**What is expected:**
Your answer must be the full listing below, repeated exactly, with no pictures in it.

**Data excerpt:**
****************************************

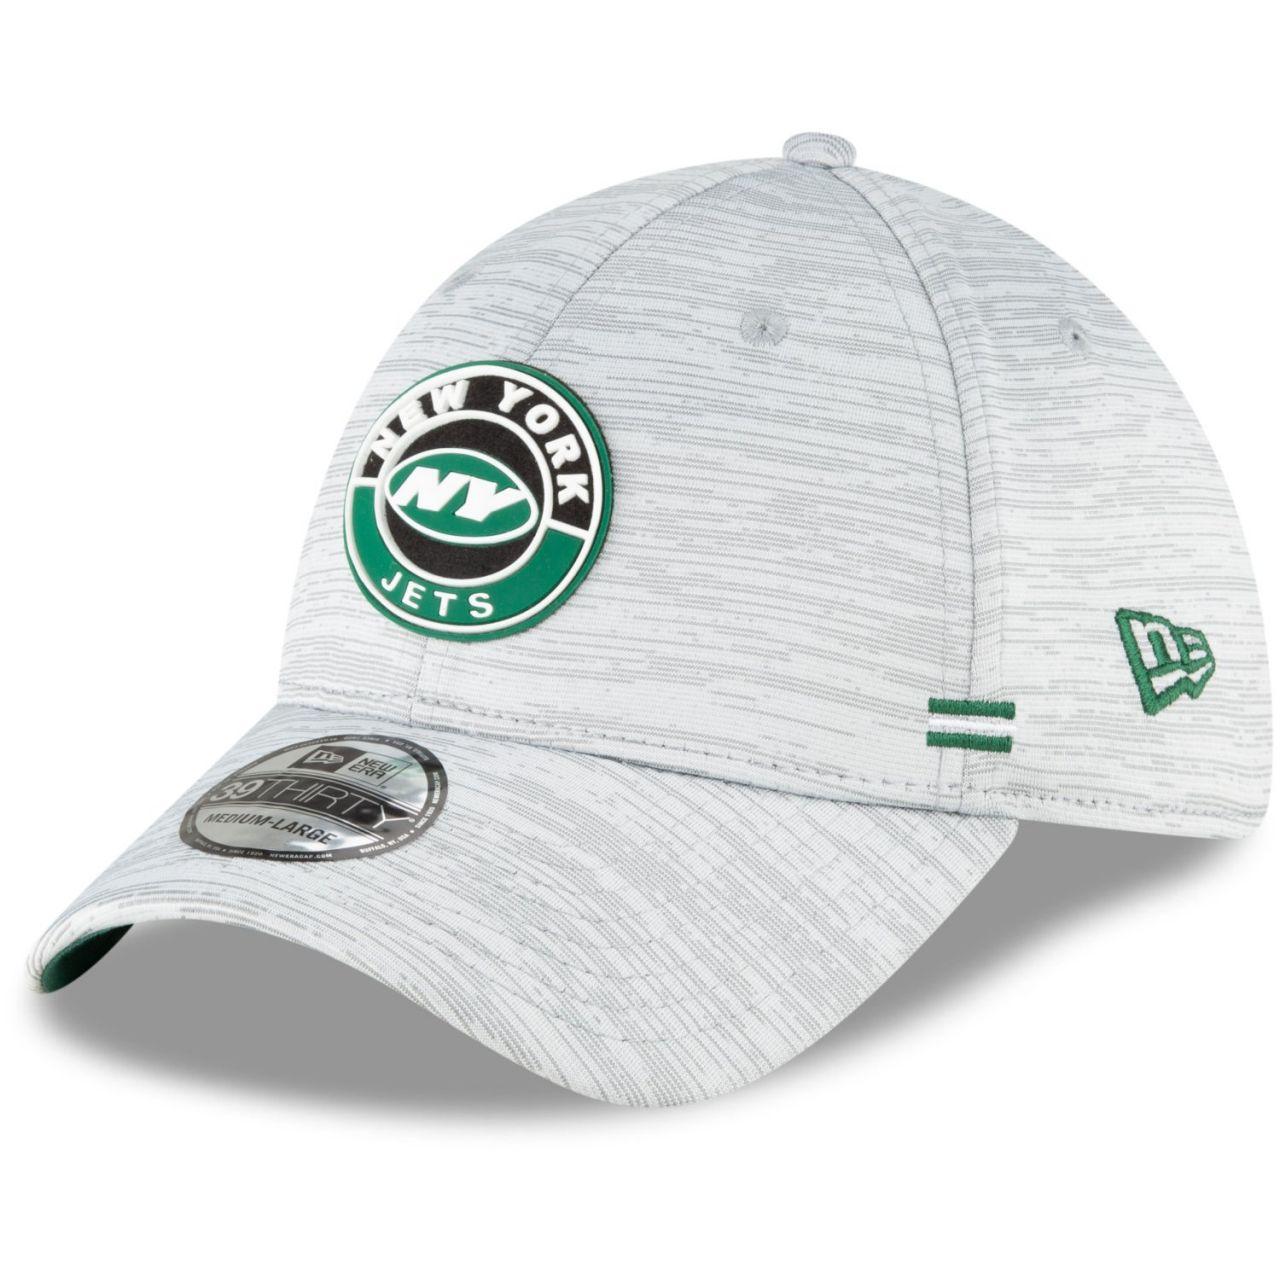 amfoo - New Era 39Thirty Cap - SIDELINE 2020 New York Jets
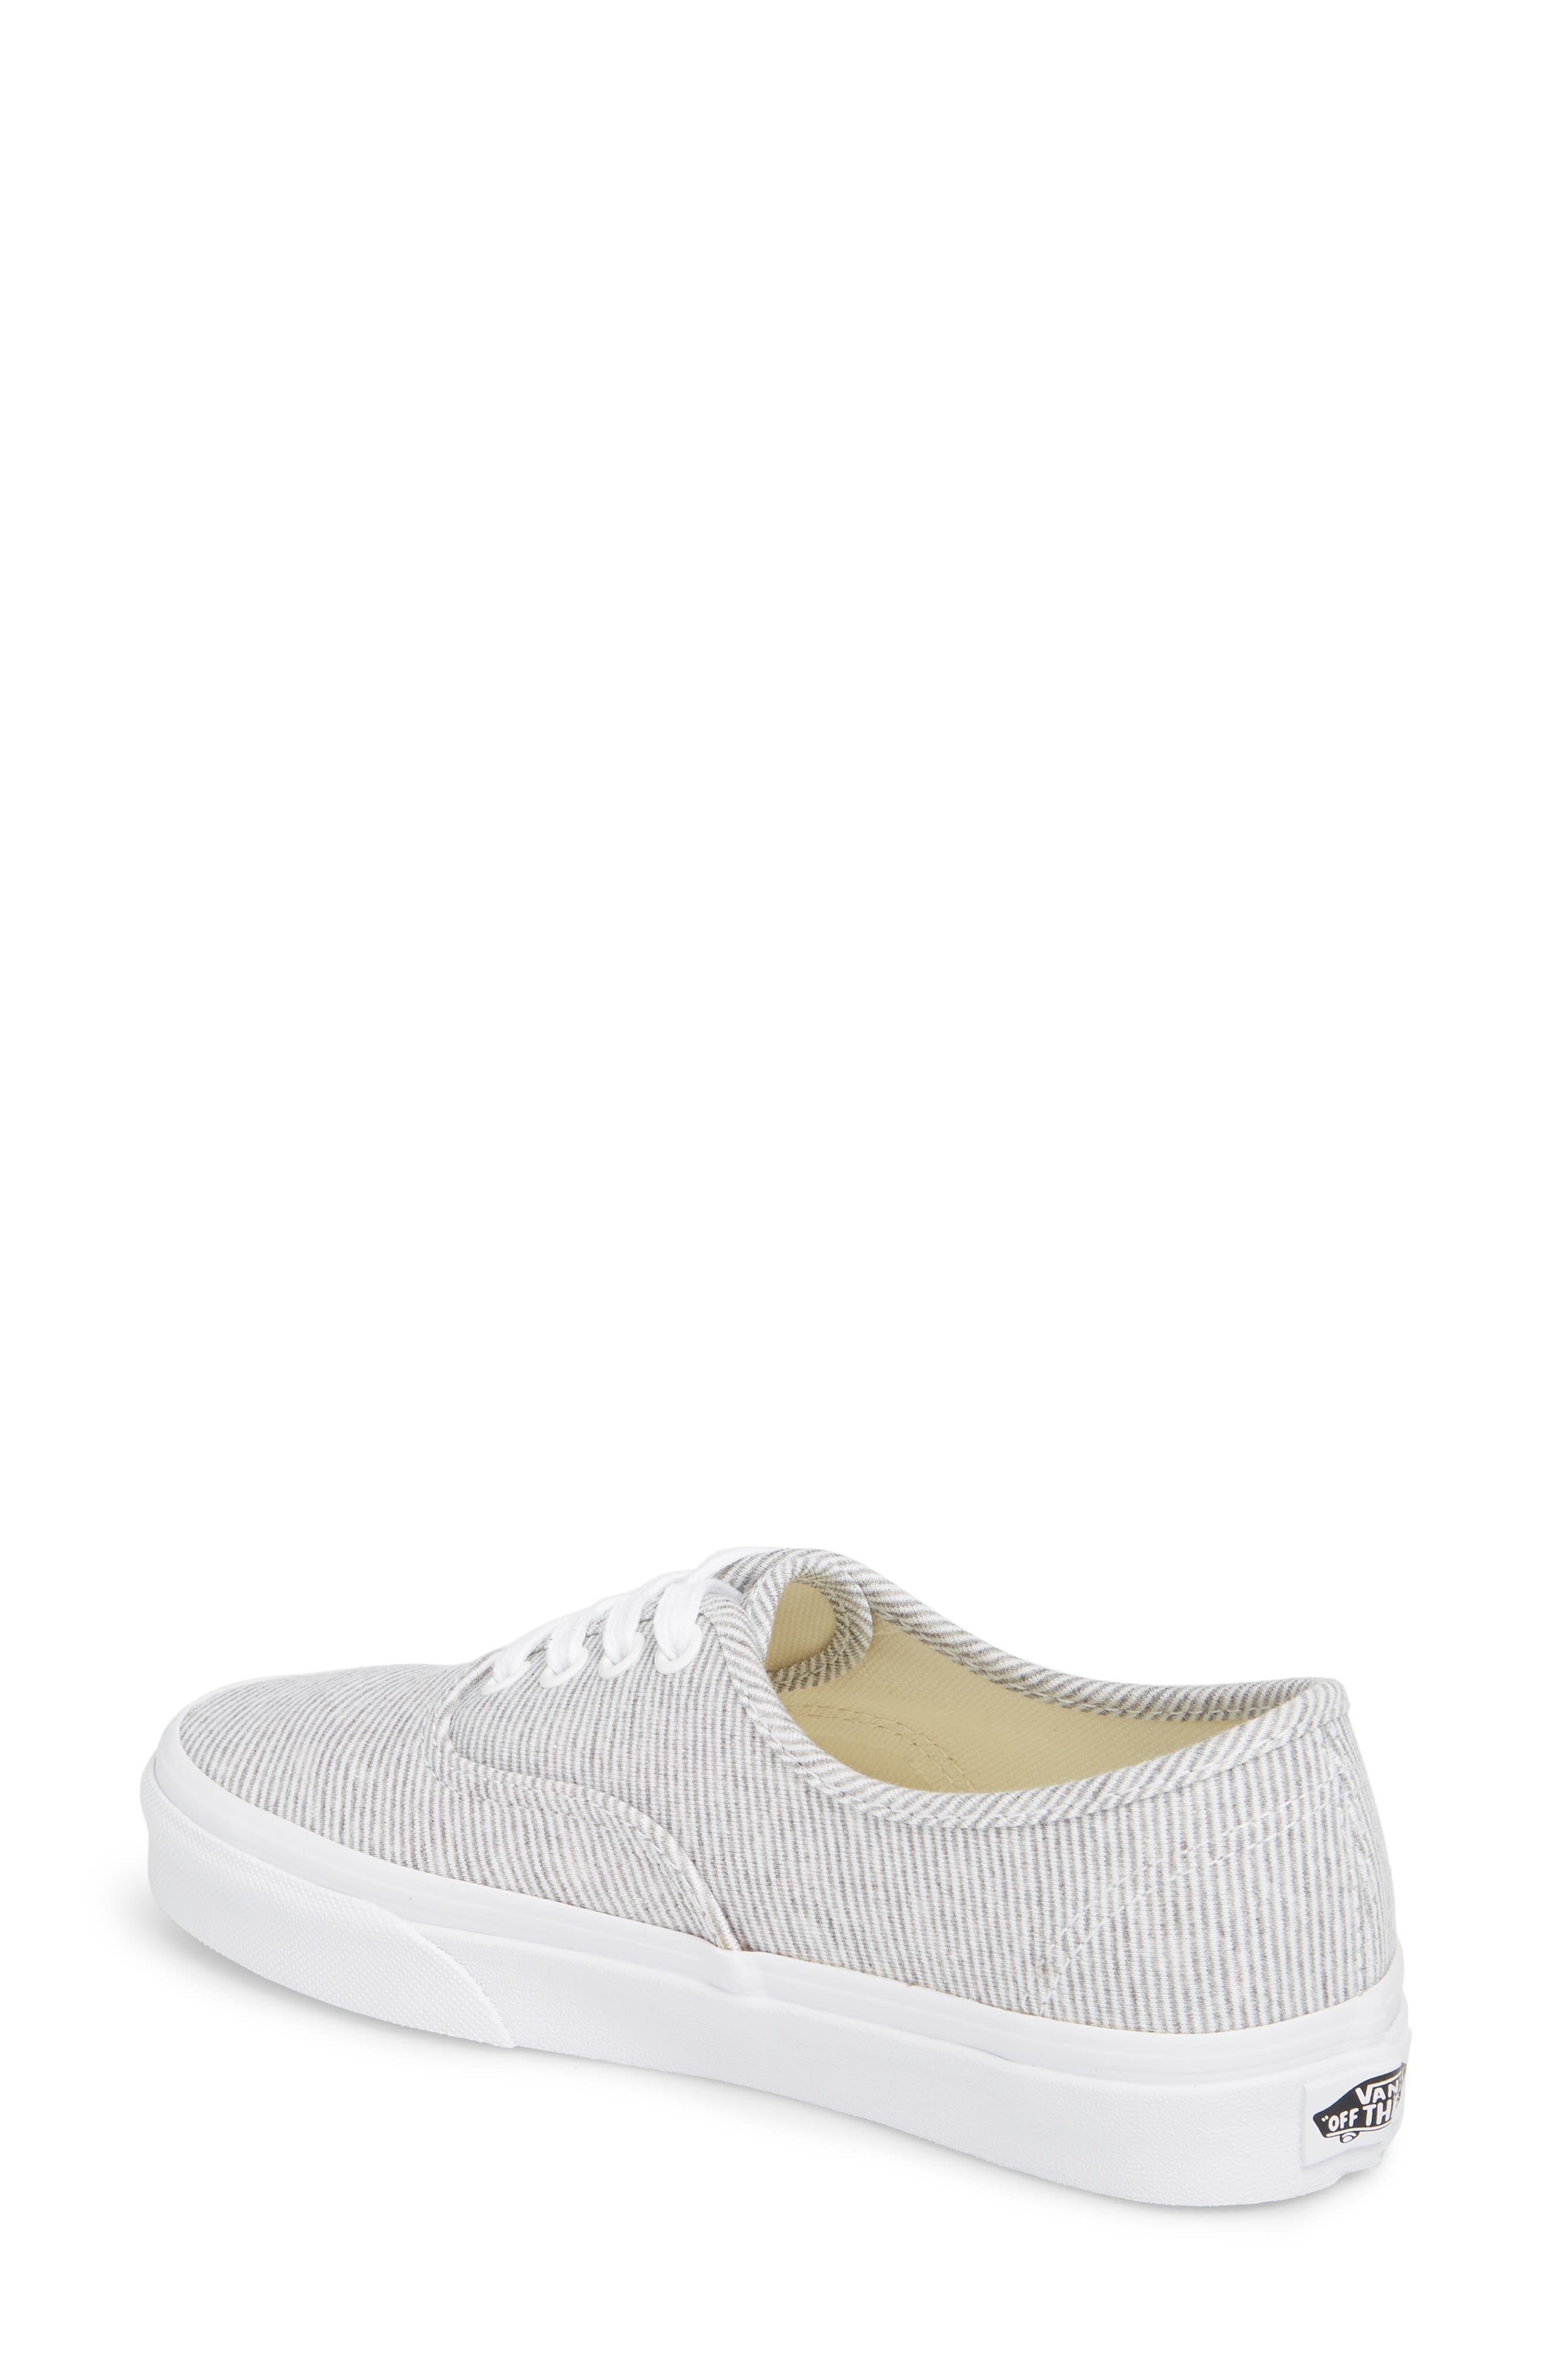 ,                             'Authentic' Sneaker,                             Alternate thumbnail 130, color,                             022
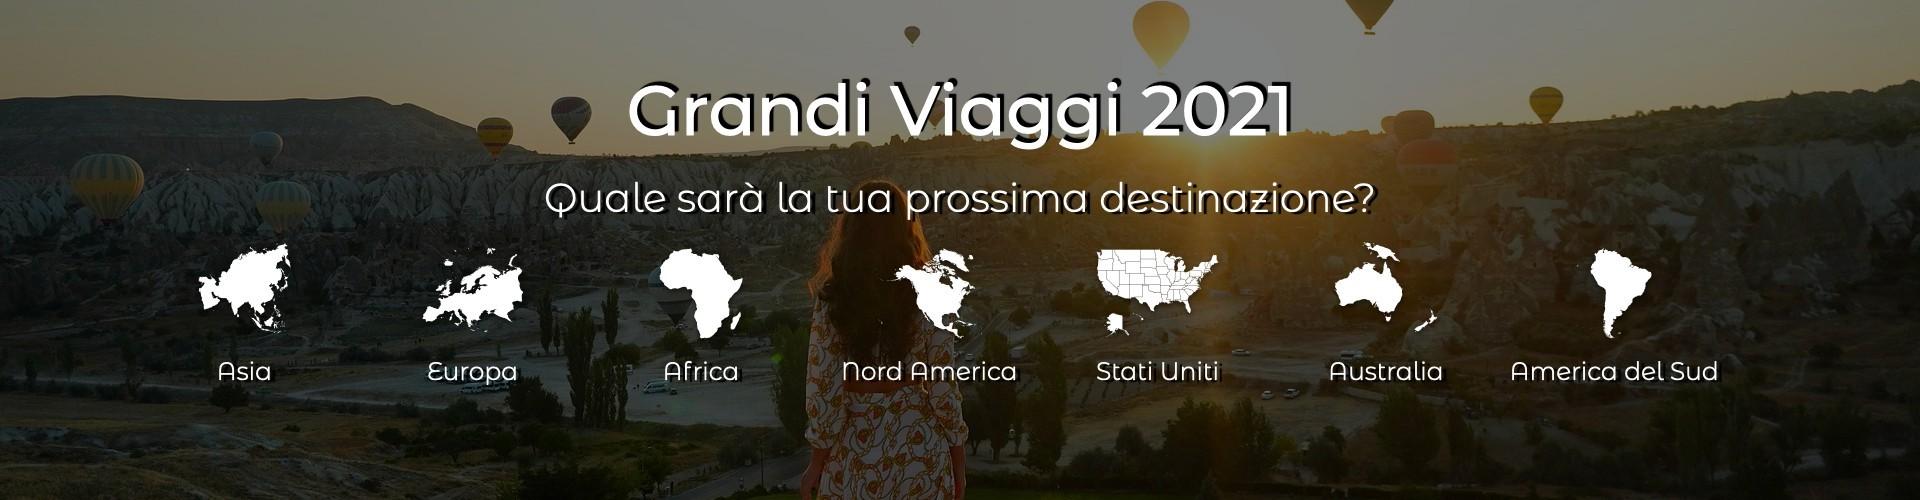 Grandi Viaggi 2021
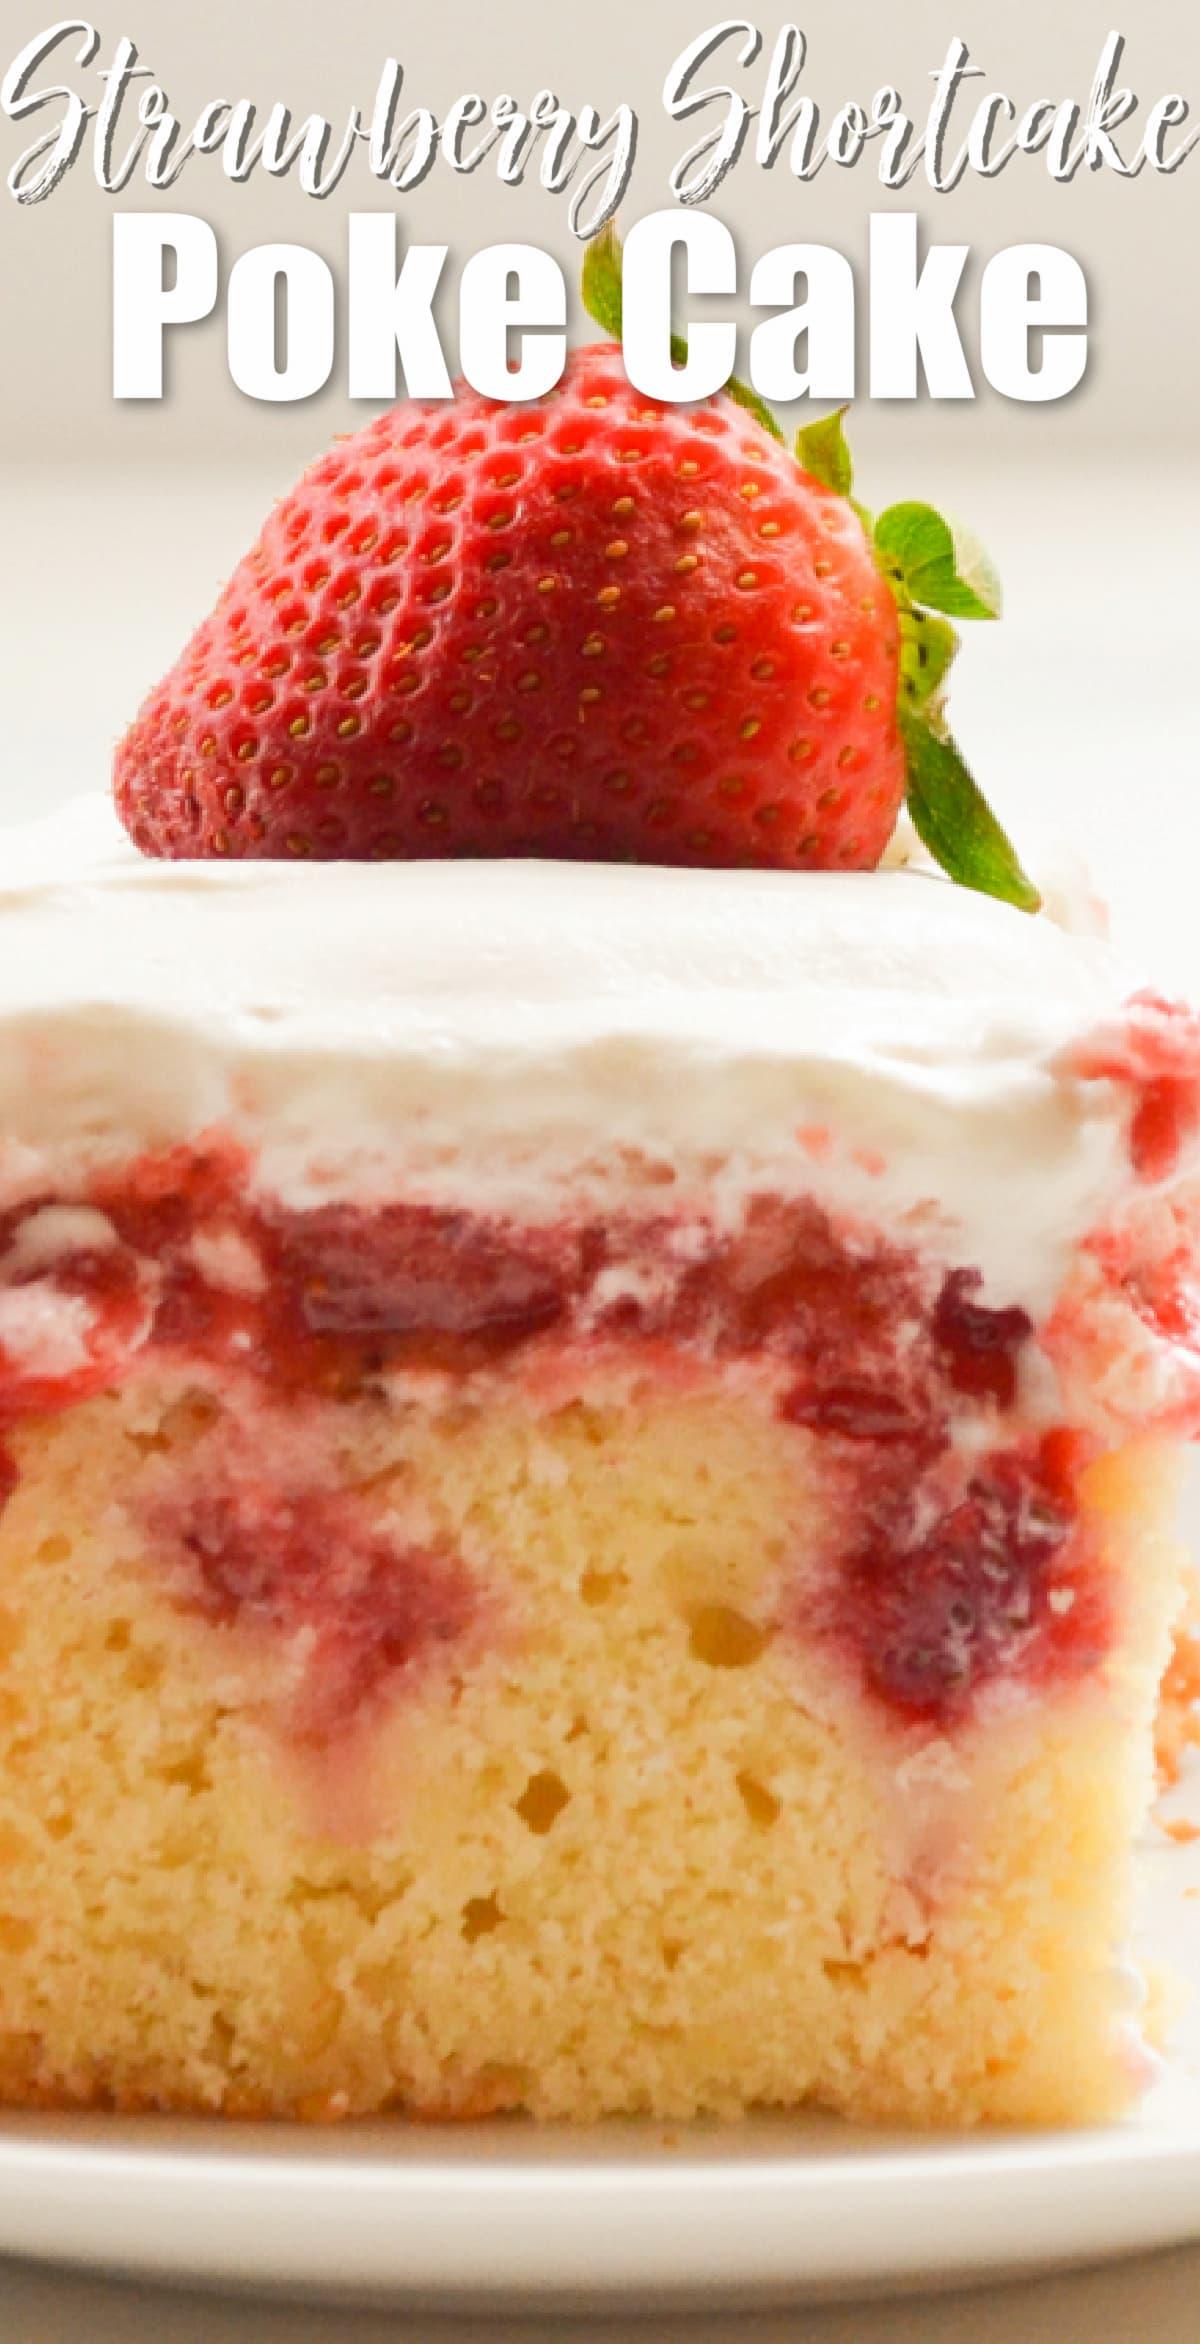 A slice of Strawberry Shortcake Poke Cake with white text at top Strawberry Shortcake Poke Cake.

****************************************

**Answer to the exercise:**
 amfoo - New Era 39Thirty Cap - SIDELINE 2020 New York Jets
 ,                             'Authentic' Sneaker,                             Alternate thumbnail 130, color,                             022
 Grandi Viaggi 2021
 A slice of Strawberry Shortcake Poke Cake with white text at top Strawberry Shortcake Poke Cake.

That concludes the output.